→ **Problem statement**:
Retype the listing exactly. Leave out the images.

→ **Available data**:
>>>
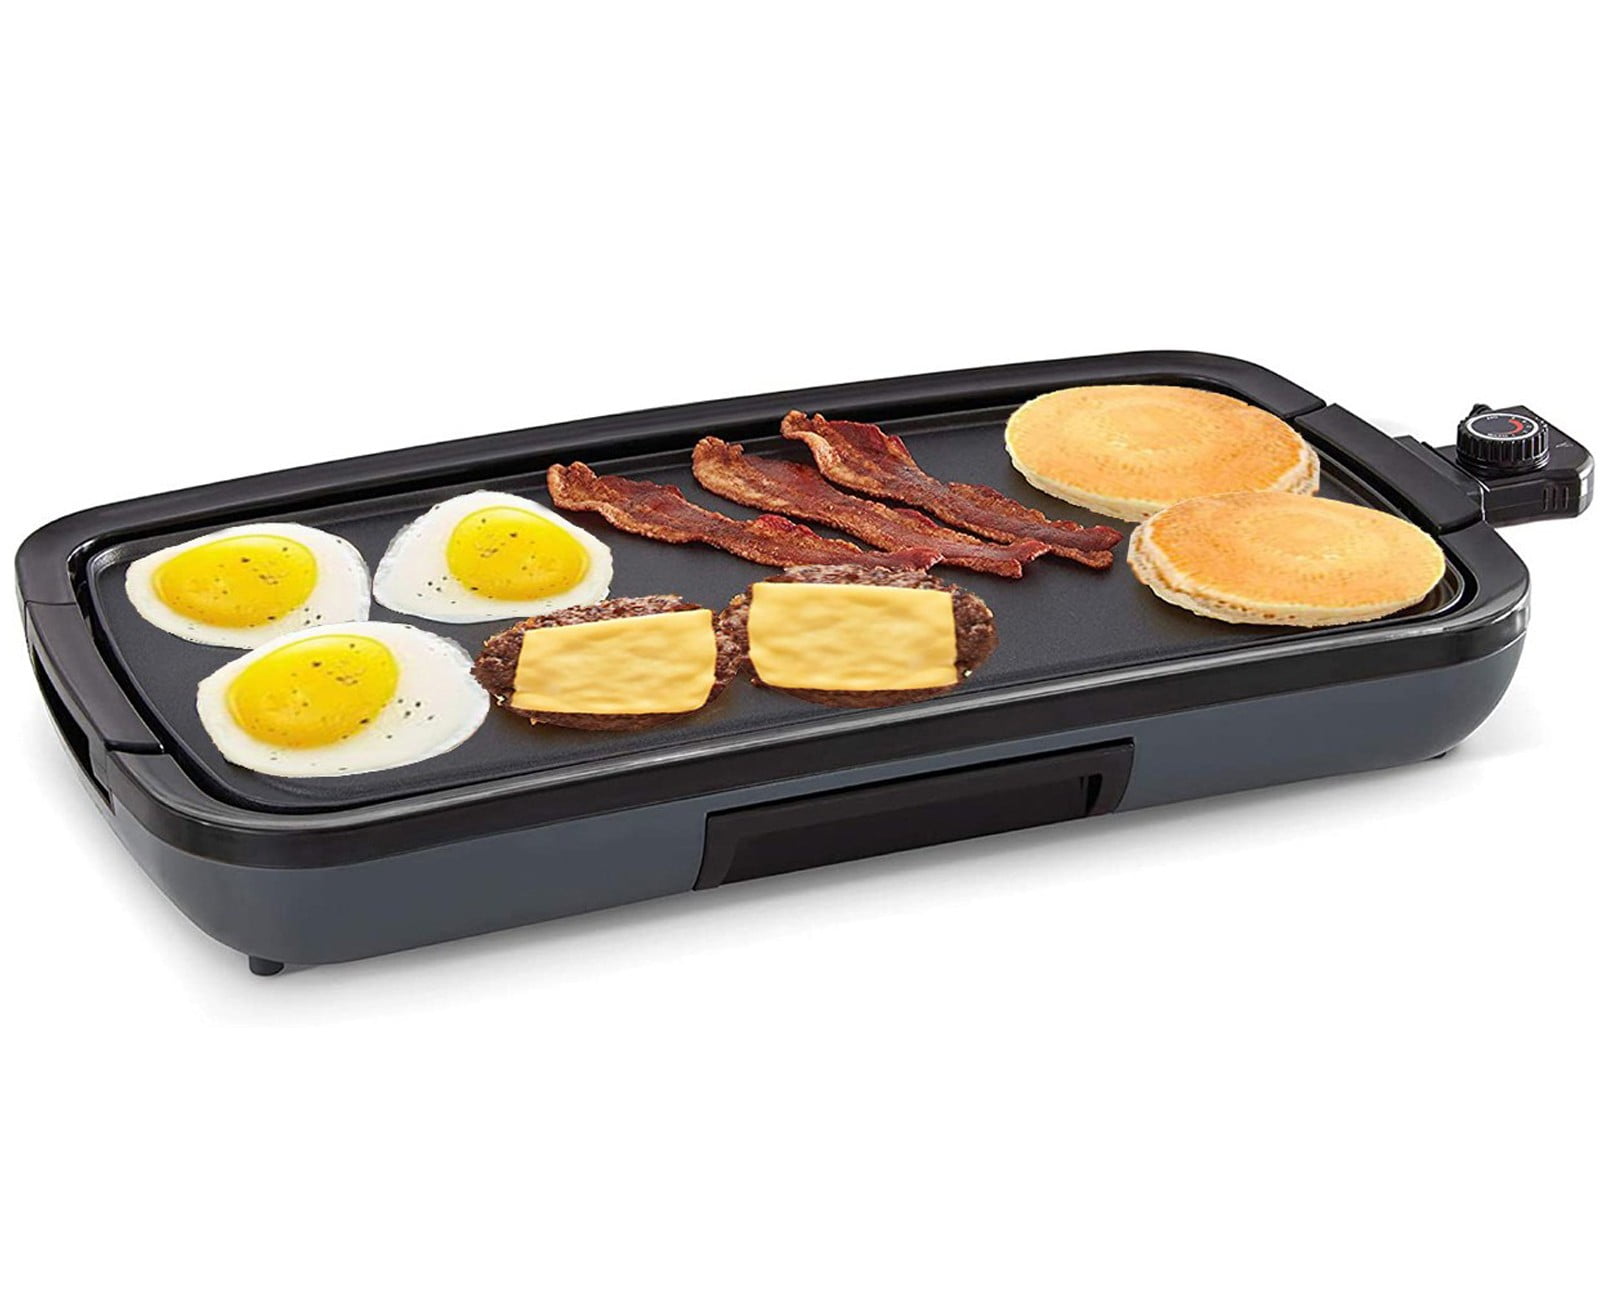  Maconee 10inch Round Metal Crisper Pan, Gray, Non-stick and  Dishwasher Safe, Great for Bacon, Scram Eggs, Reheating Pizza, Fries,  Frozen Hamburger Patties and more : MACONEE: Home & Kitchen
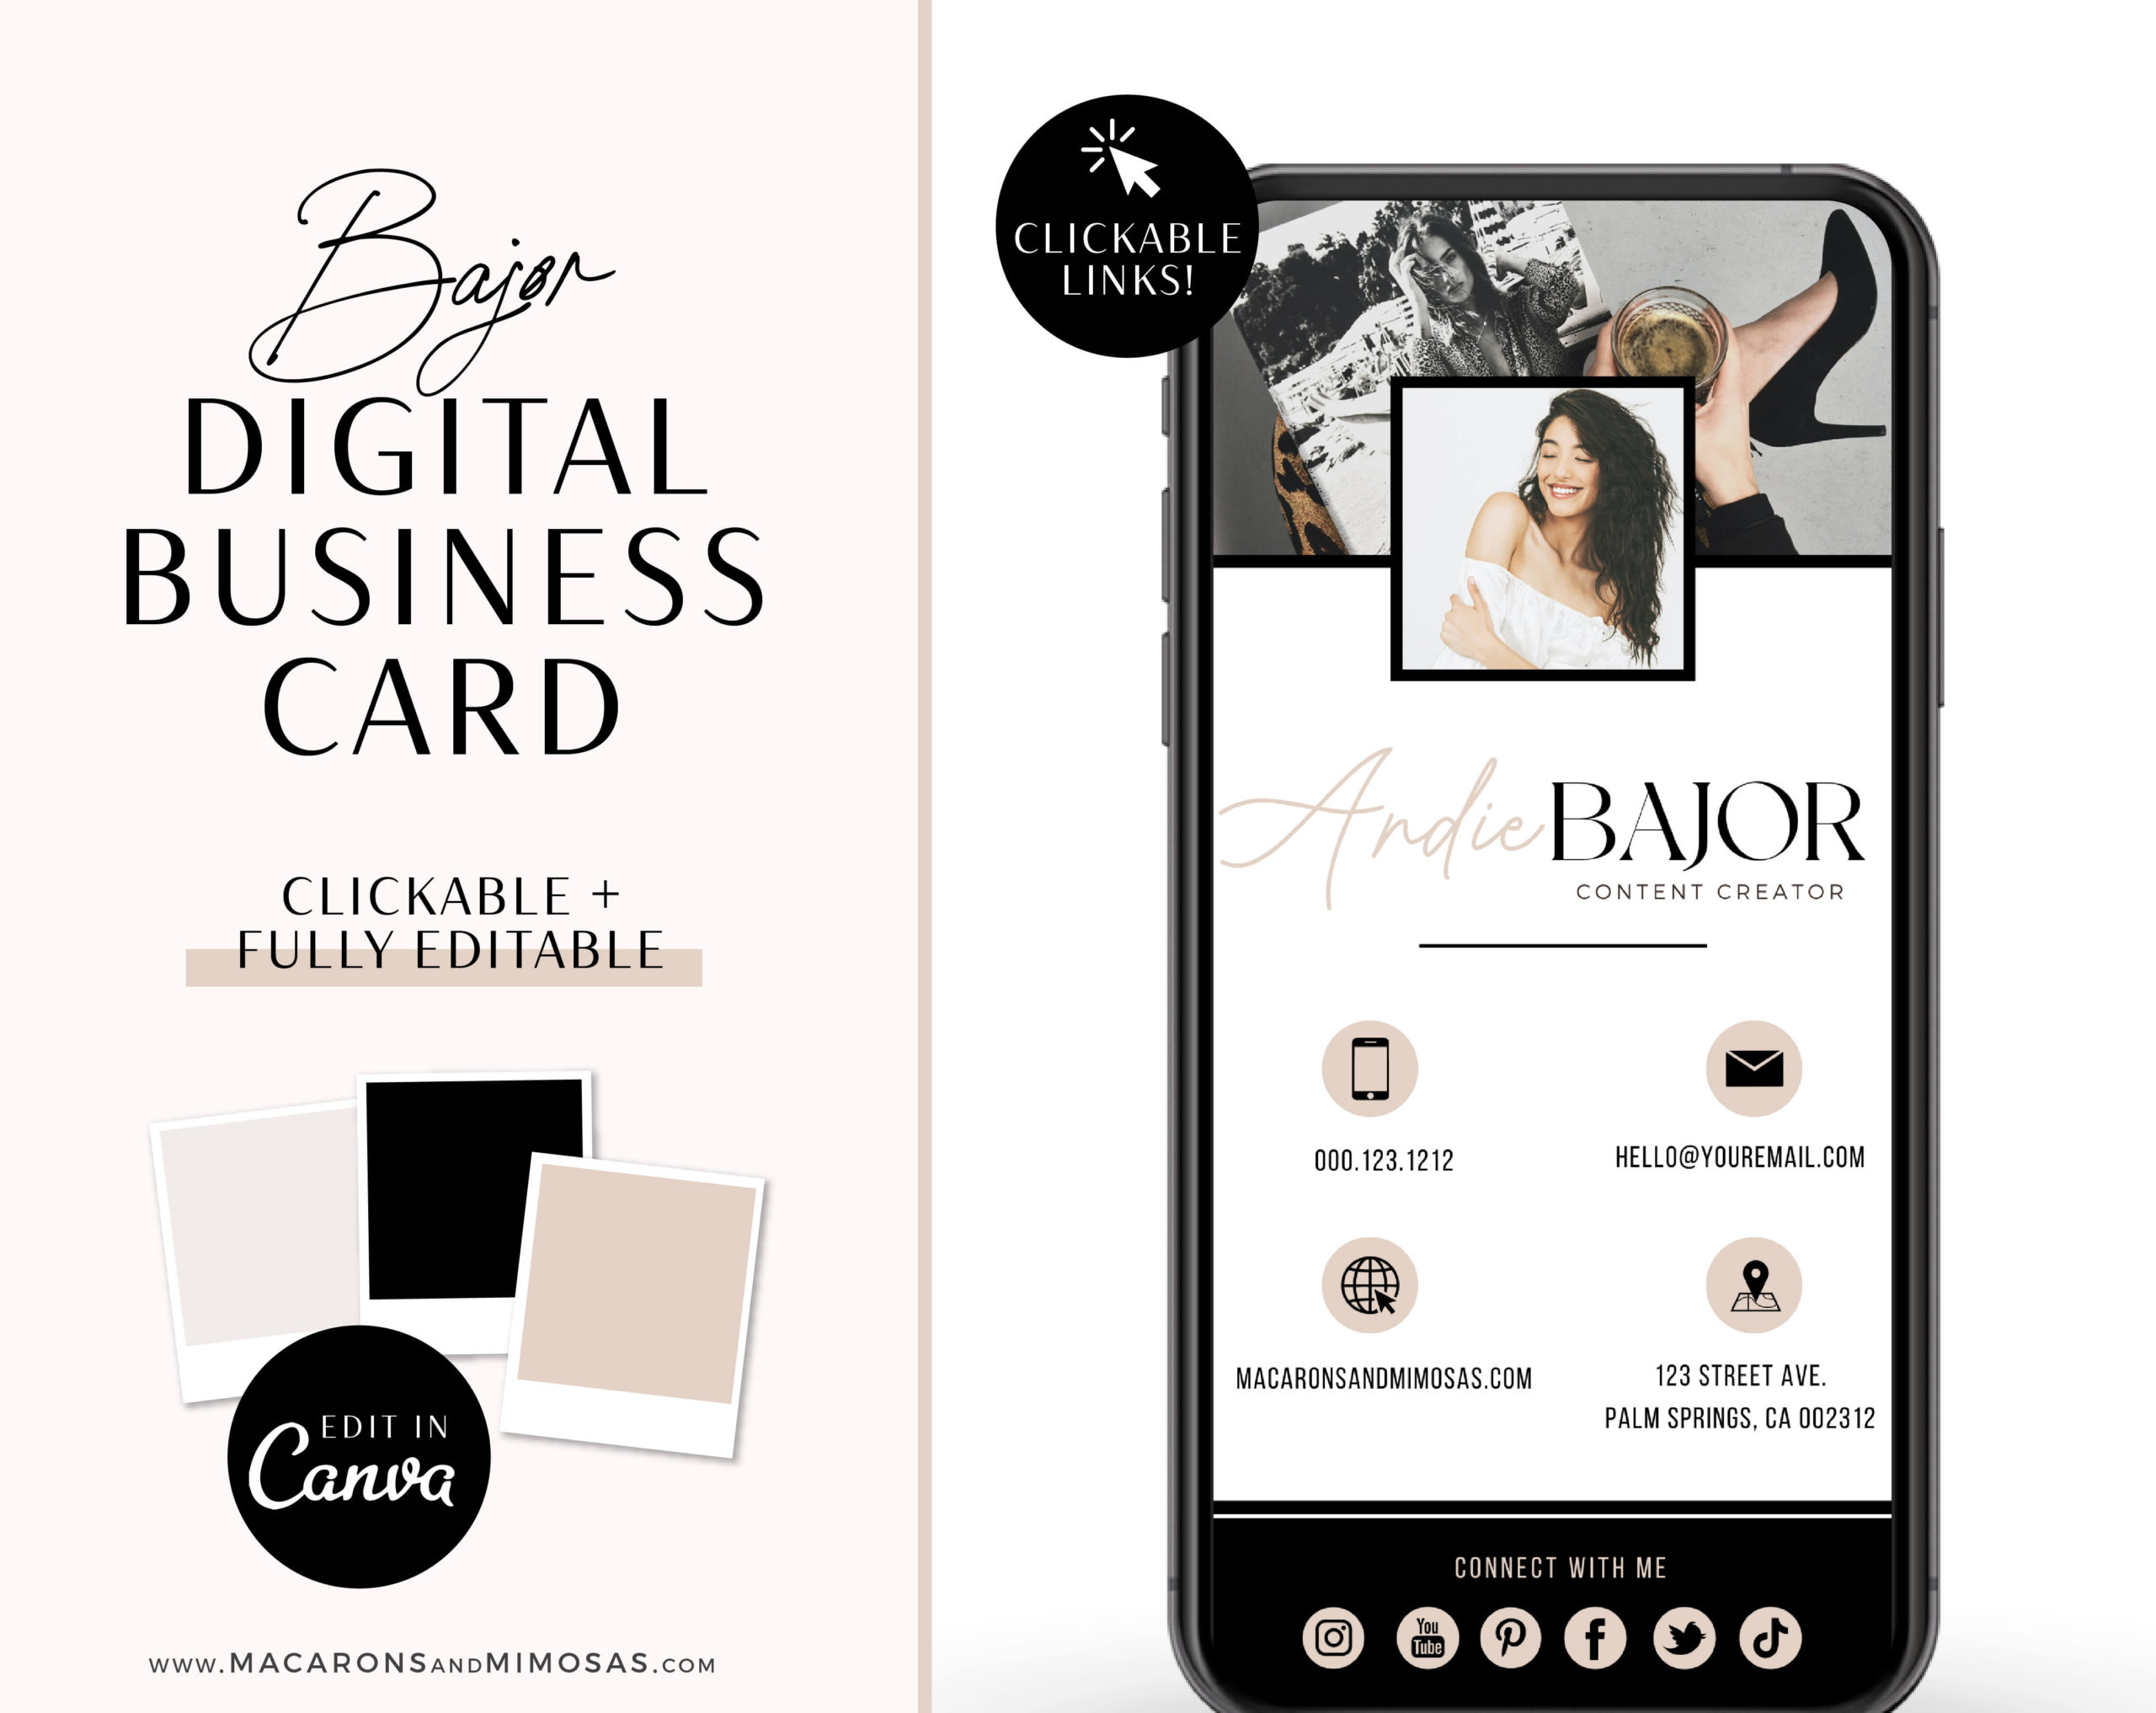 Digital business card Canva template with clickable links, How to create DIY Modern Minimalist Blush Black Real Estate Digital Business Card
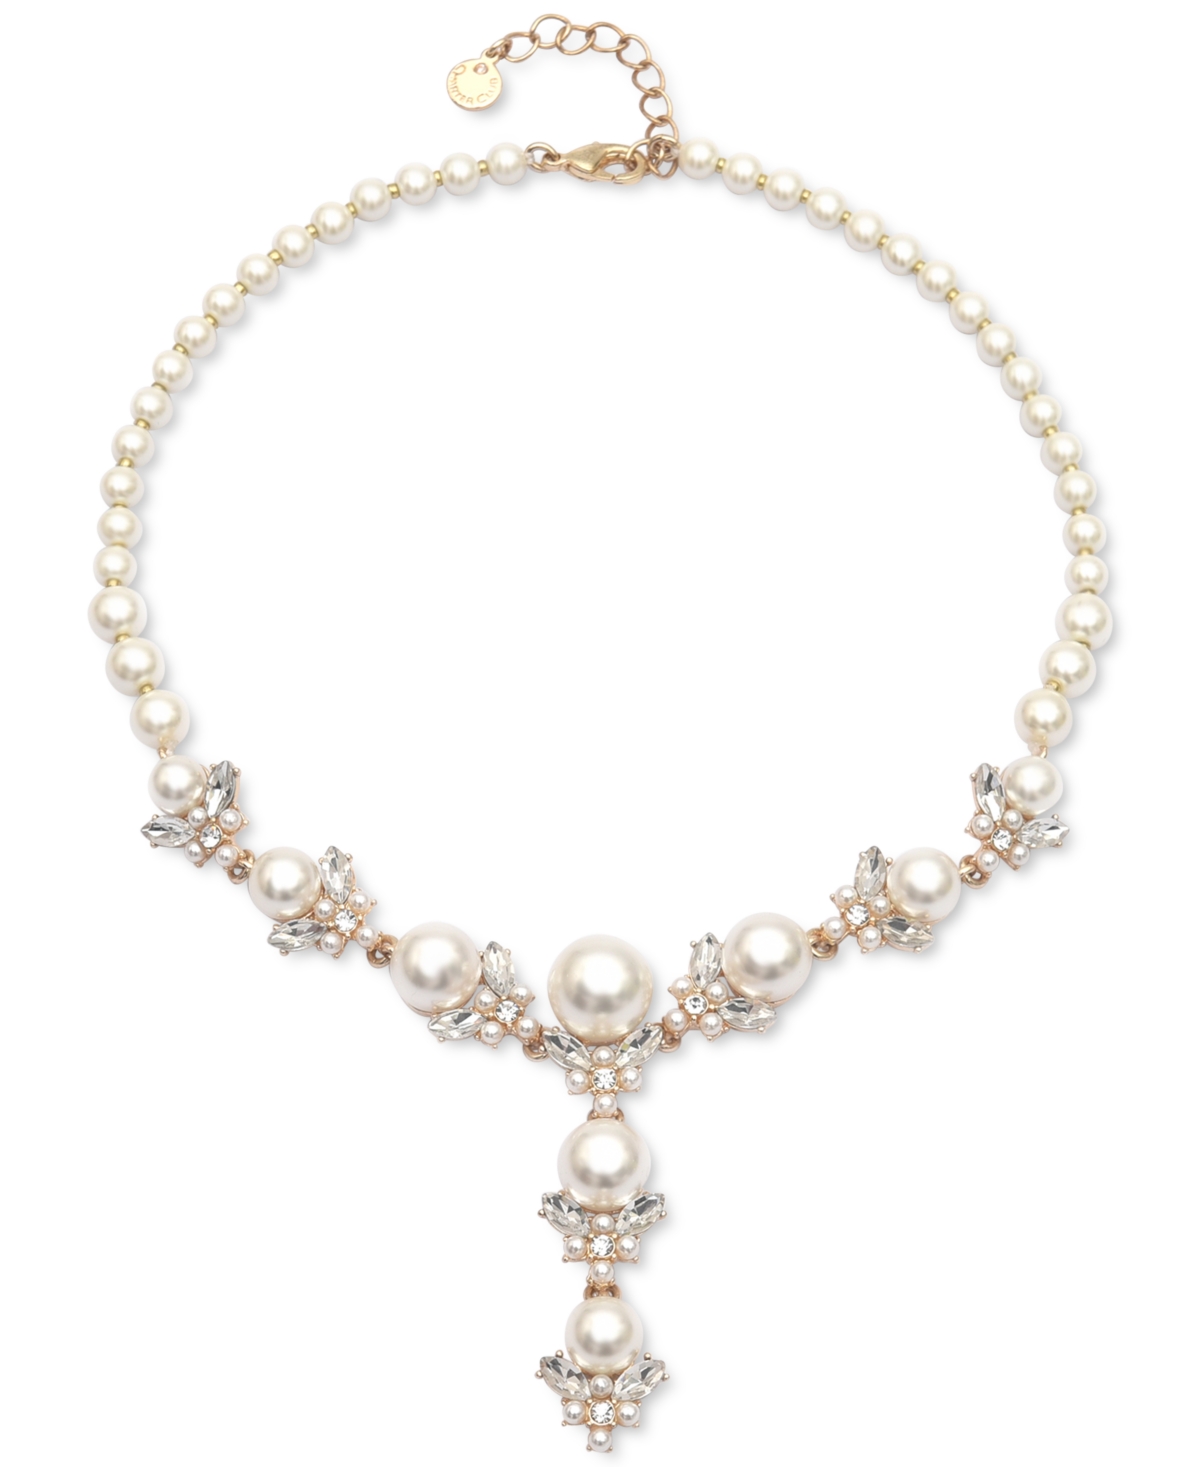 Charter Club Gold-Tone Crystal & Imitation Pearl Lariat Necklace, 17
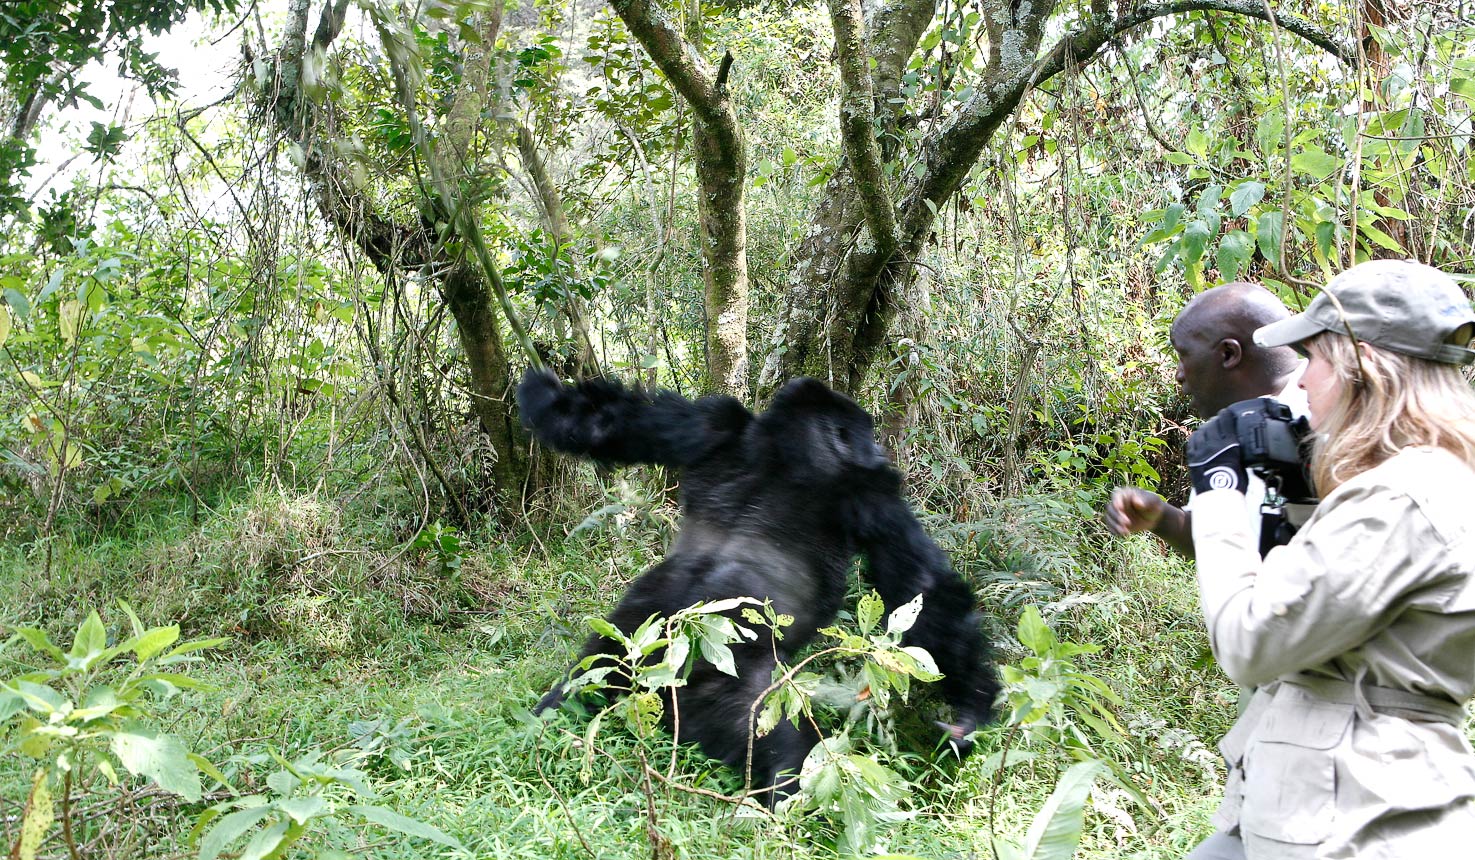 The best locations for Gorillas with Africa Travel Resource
<<<
→ **Result of the exercise**:
  Maconee 10inch Round Metal Crisper Pan, Gray, Non-stick and  Dishwasher Safe, Great for Bacon, Scram Eggs, Reheating Pizza, Fries,  Frozen Hamburger Patties and more : MACONEE: Home & Kitchen
 Digital business card Canva template with clickable links, How to create DIY Modern Minimalist Blush Black Real Estate Digital Business Card
 Charter Club Gold-Tone Crystal & Imitation Pearl Lariat Necklace, 17
 The best locations for Gorillas with Africa Travel Resource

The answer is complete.